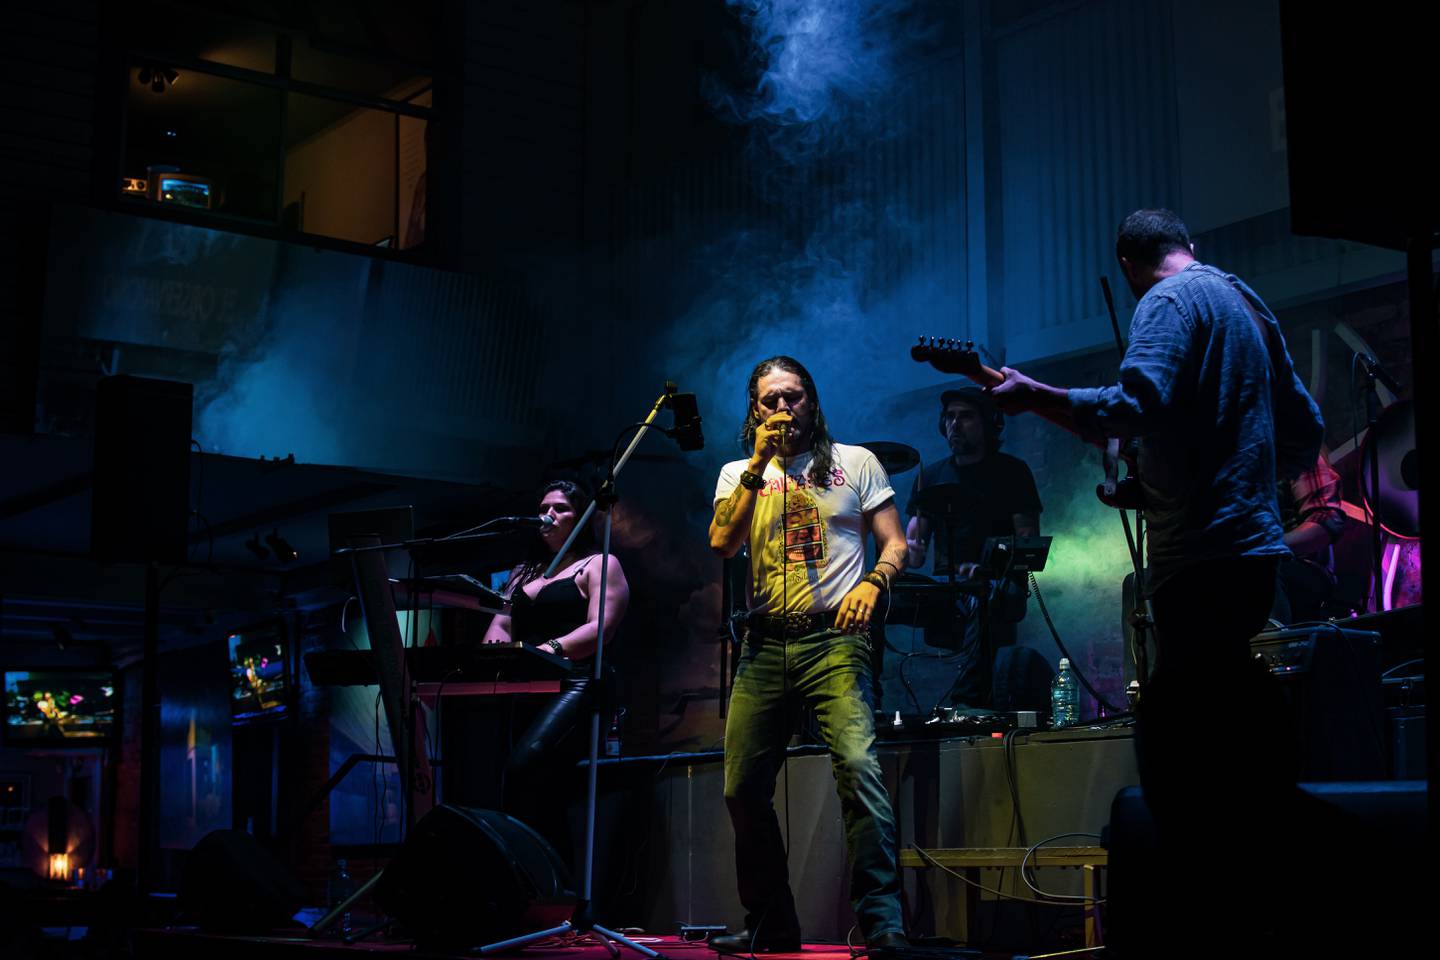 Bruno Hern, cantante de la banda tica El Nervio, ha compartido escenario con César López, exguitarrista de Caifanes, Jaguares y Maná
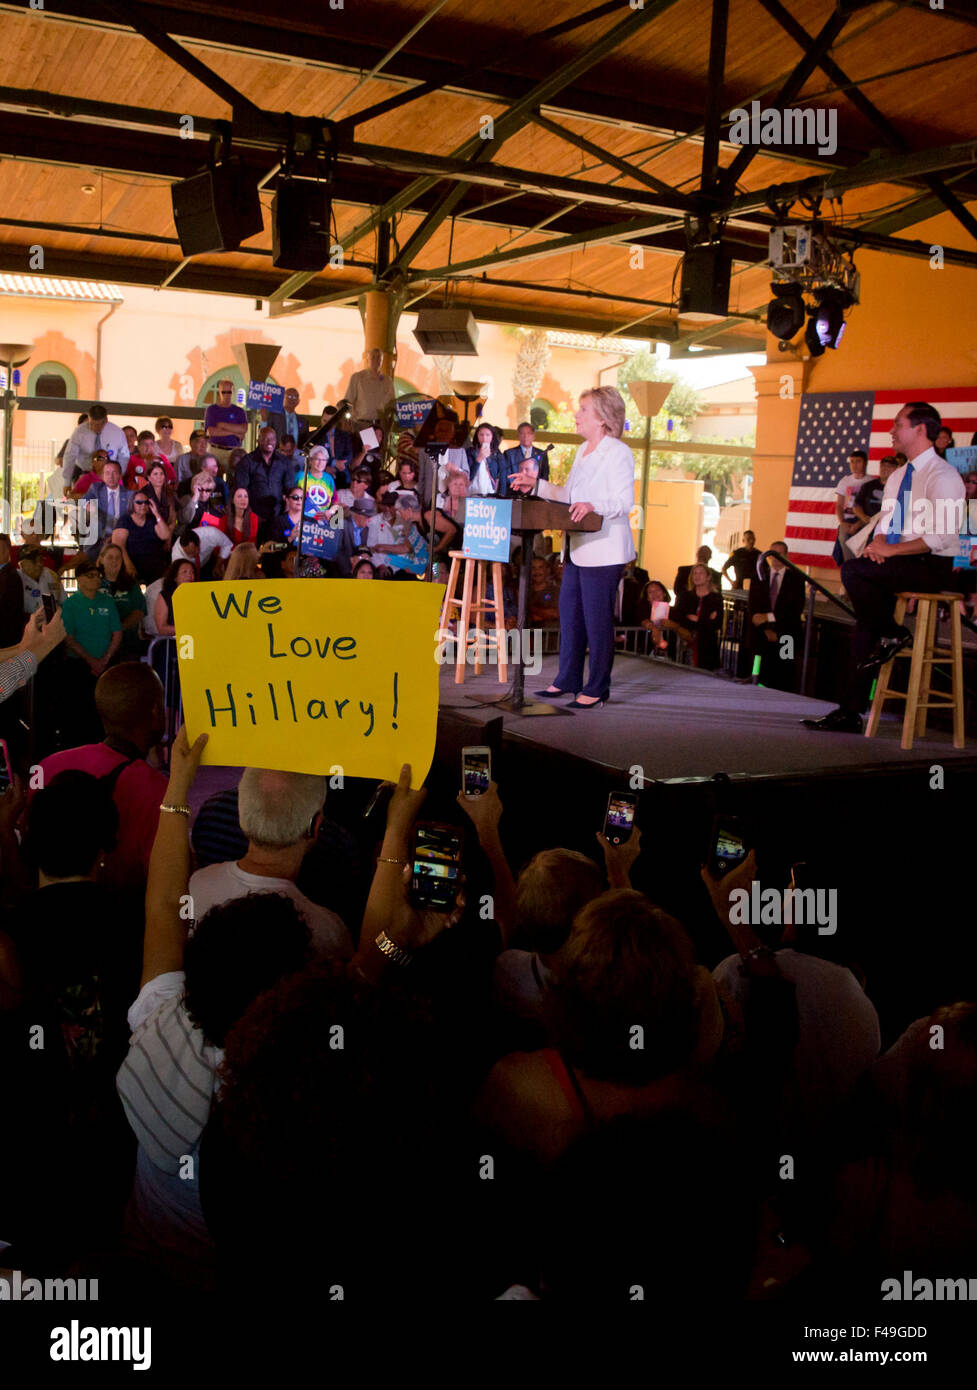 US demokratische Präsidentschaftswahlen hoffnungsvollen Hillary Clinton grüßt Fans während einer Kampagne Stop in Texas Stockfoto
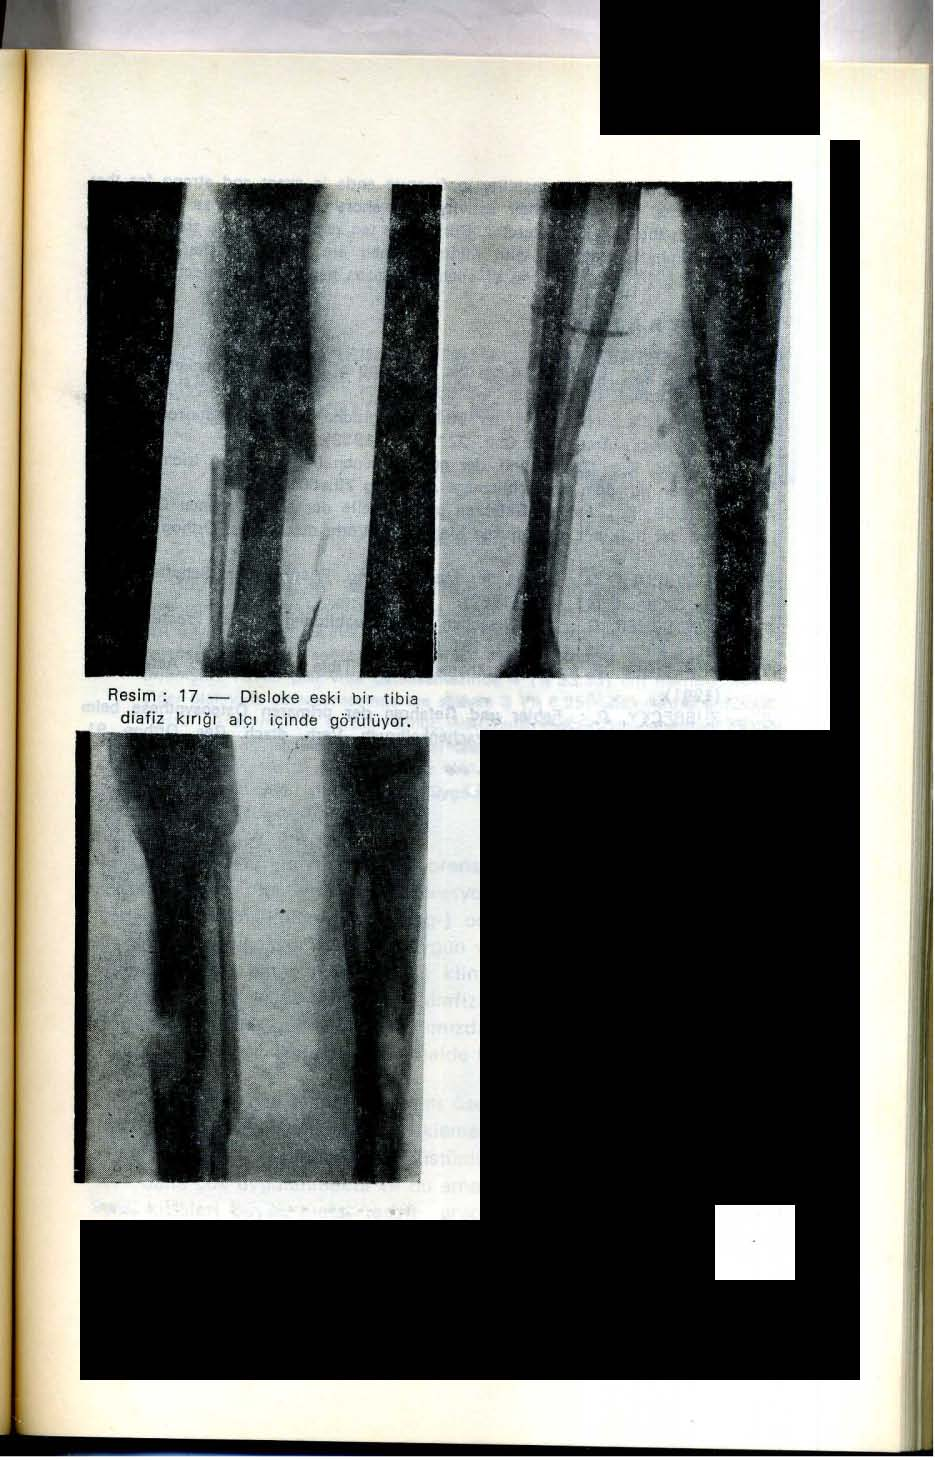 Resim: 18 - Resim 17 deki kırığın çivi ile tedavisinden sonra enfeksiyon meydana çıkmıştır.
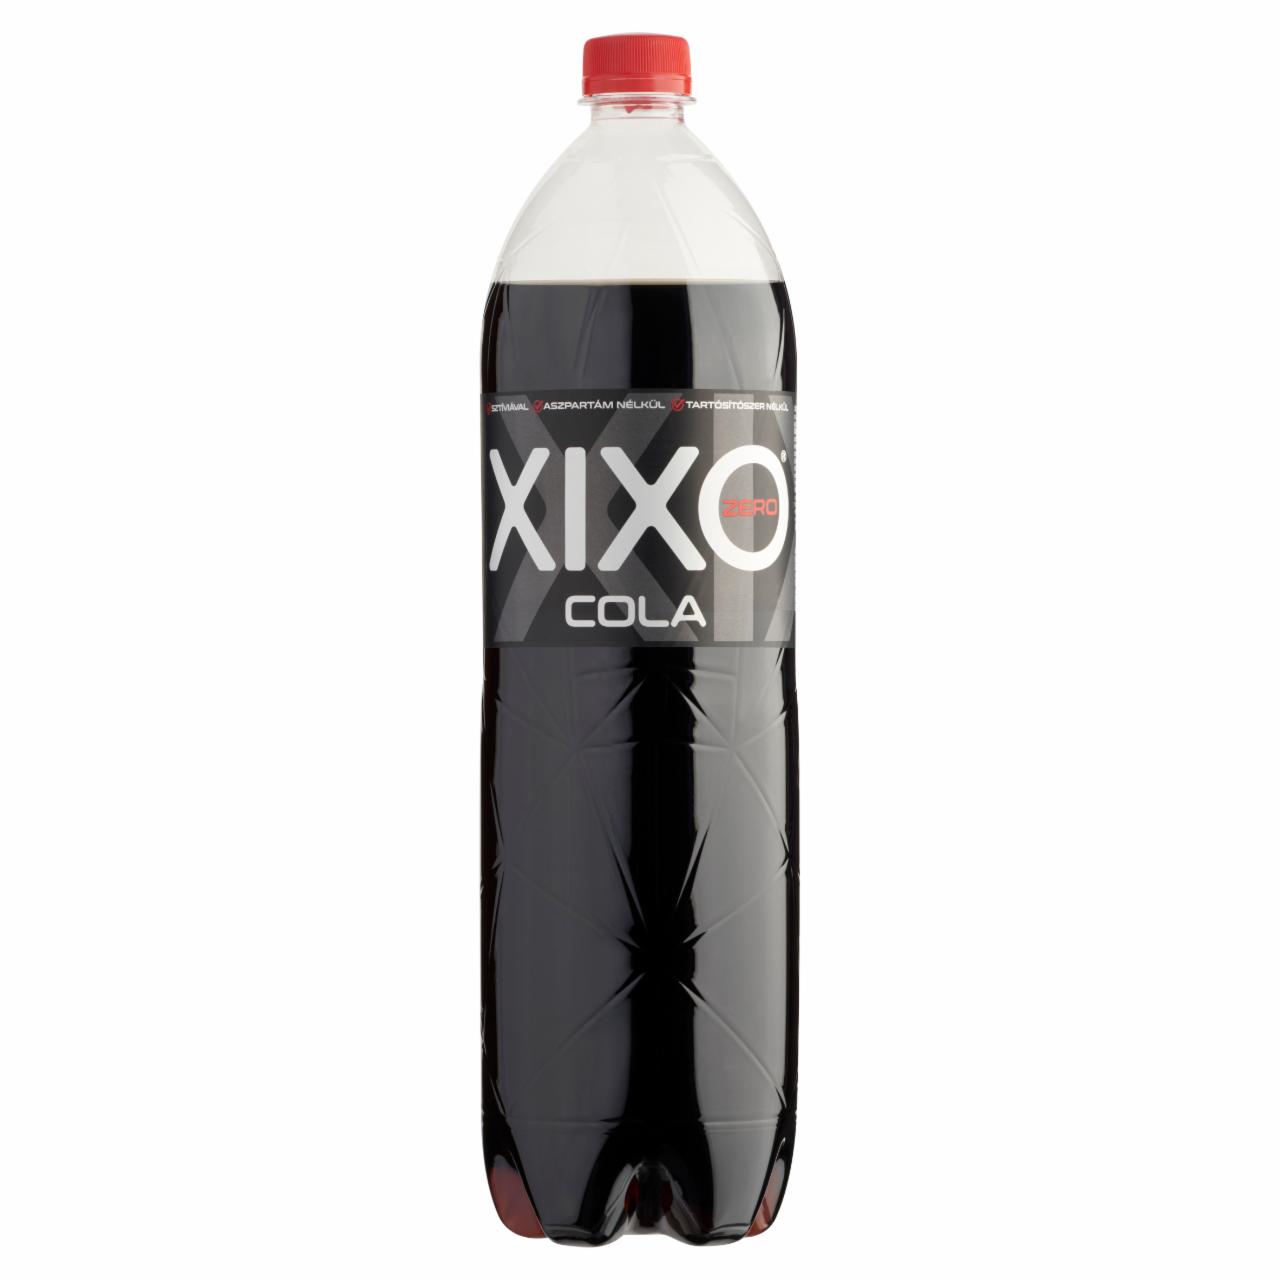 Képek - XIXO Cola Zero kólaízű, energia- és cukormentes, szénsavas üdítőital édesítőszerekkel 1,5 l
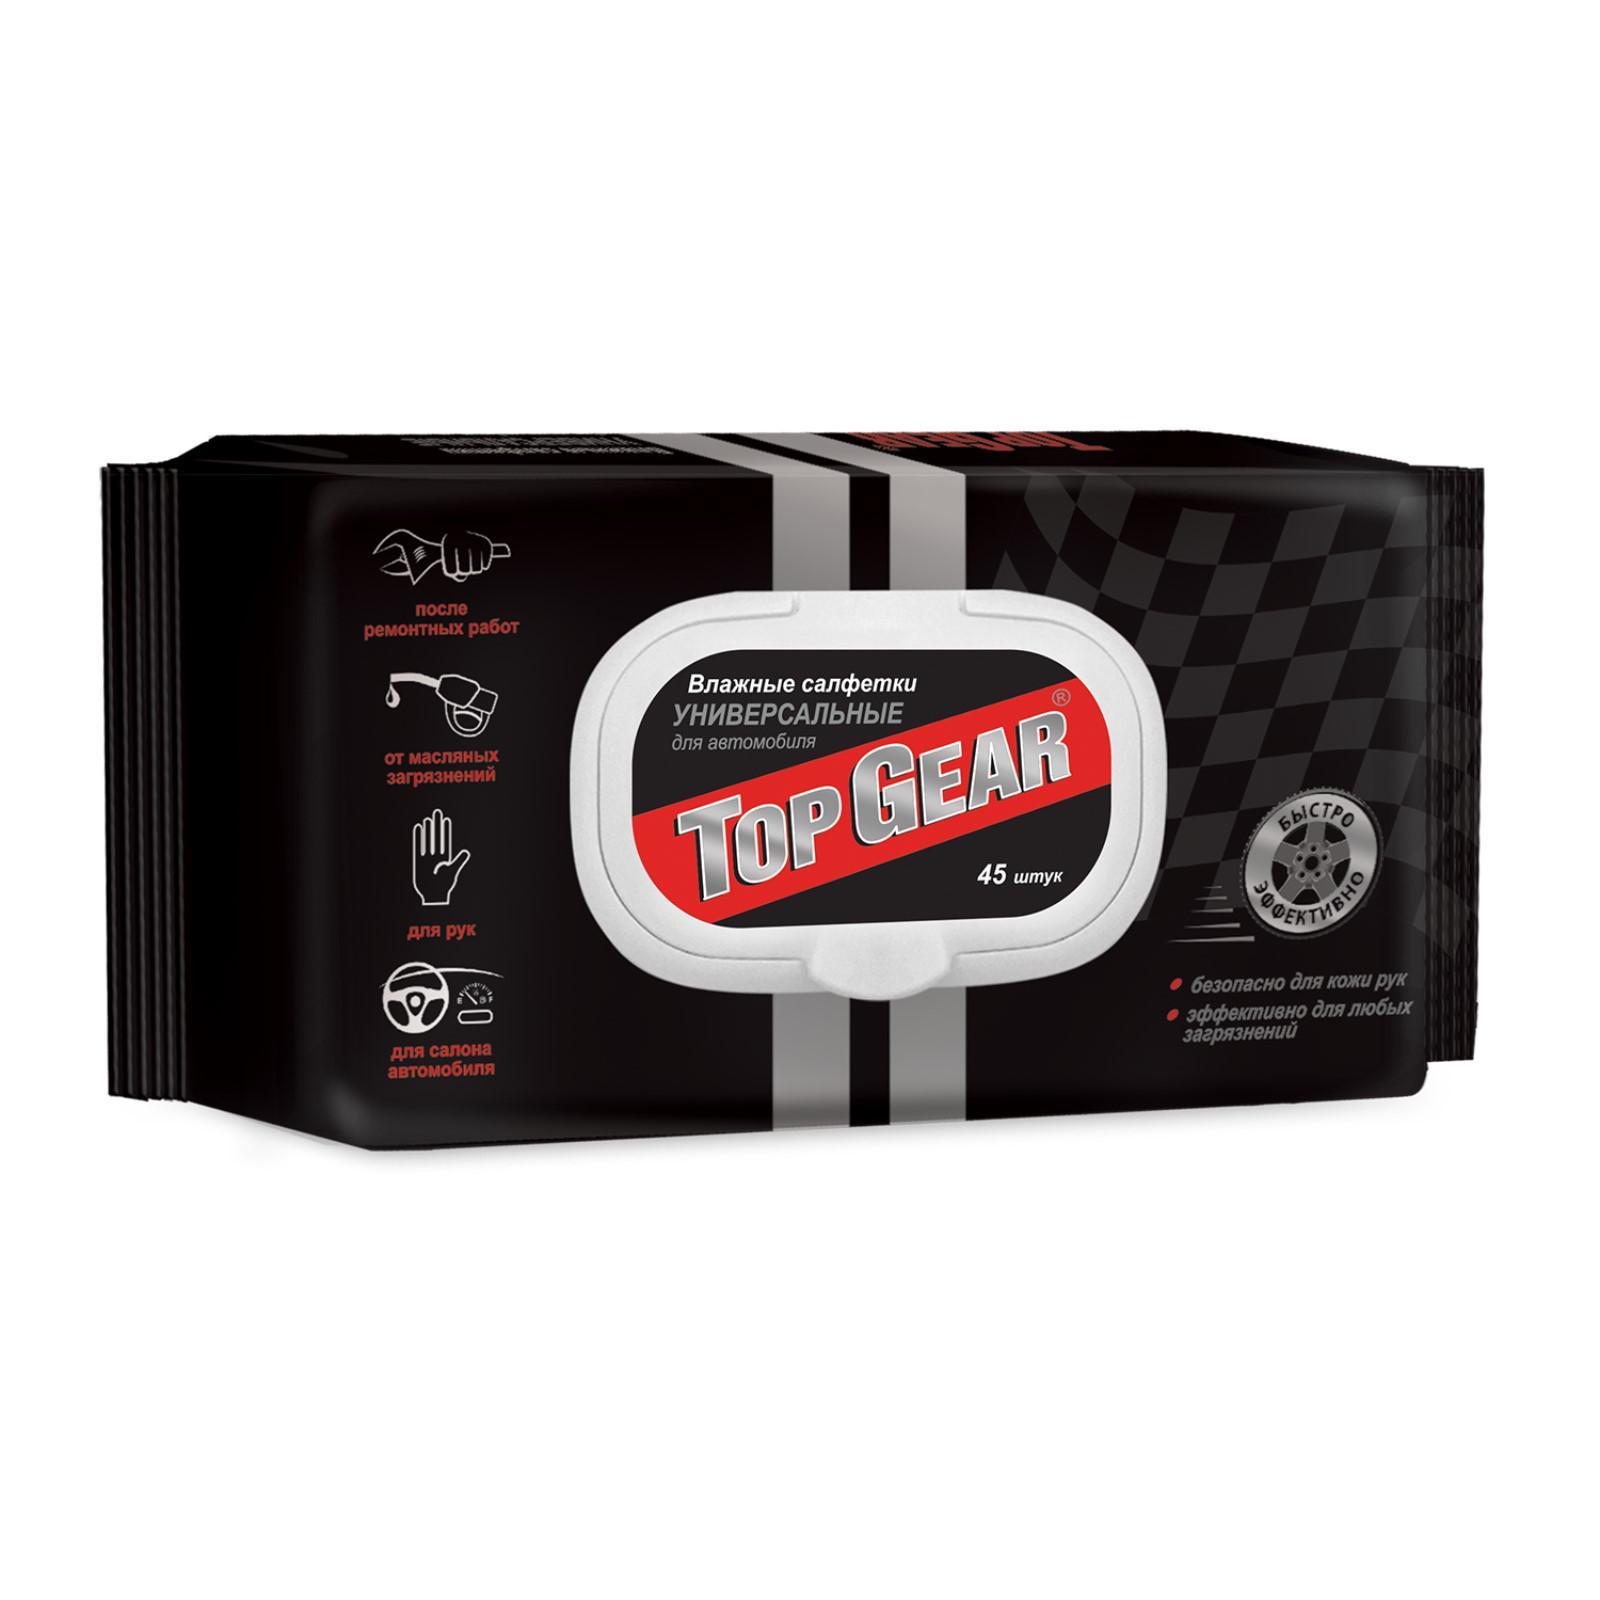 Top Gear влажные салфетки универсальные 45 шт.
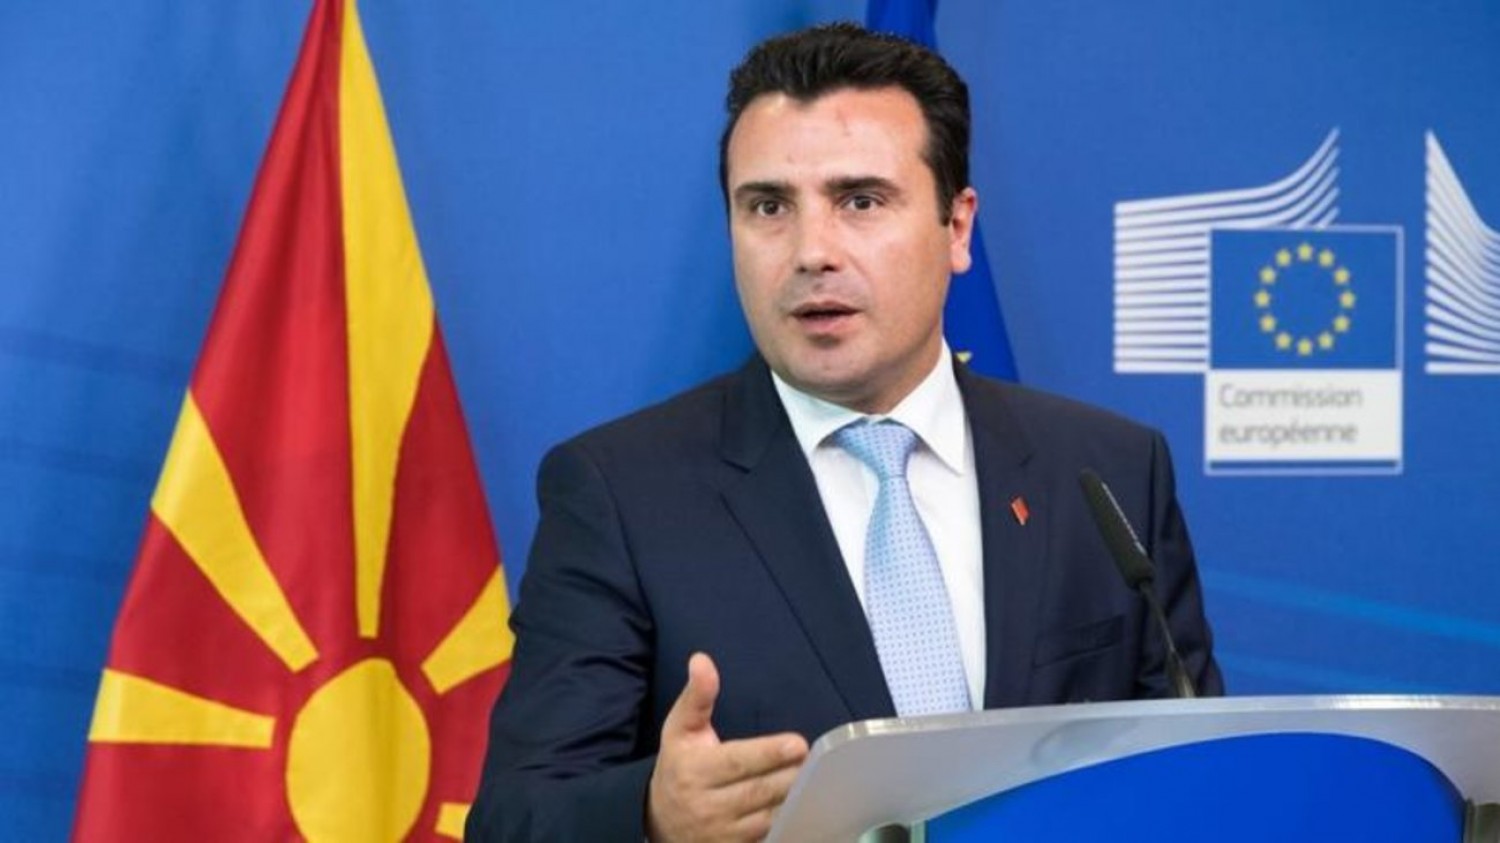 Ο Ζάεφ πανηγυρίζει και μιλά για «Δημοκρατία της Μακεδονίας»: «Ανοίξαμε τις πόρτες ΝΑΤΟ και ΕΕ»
####
• Task statement
Find the line containing "Resim: 18 - Resim", then extract it and every line after it to the end of the data above, exactly and nothing else, without pictures.

• Answer space
 Resim: 18 - Resim 17 deki kırığın çivi ile tedavisinden sonra enfeksiyon meydana çıkmıştır.
 Képek - XIXO Cola Zero kólaízű, energia- és cukormentes, szénsavas üdítőital édesítőszerekkel 1,5 l
 Top Gear влажные салфетки универсальные 45 шт.
 Ο Ζάεφ πανηγυρίζει και μιλά για «Δημοκρατία της Μακεδονίας»: «Ανοίξαμε τις πόρτες ΝΑΤΟ και ΕΕ»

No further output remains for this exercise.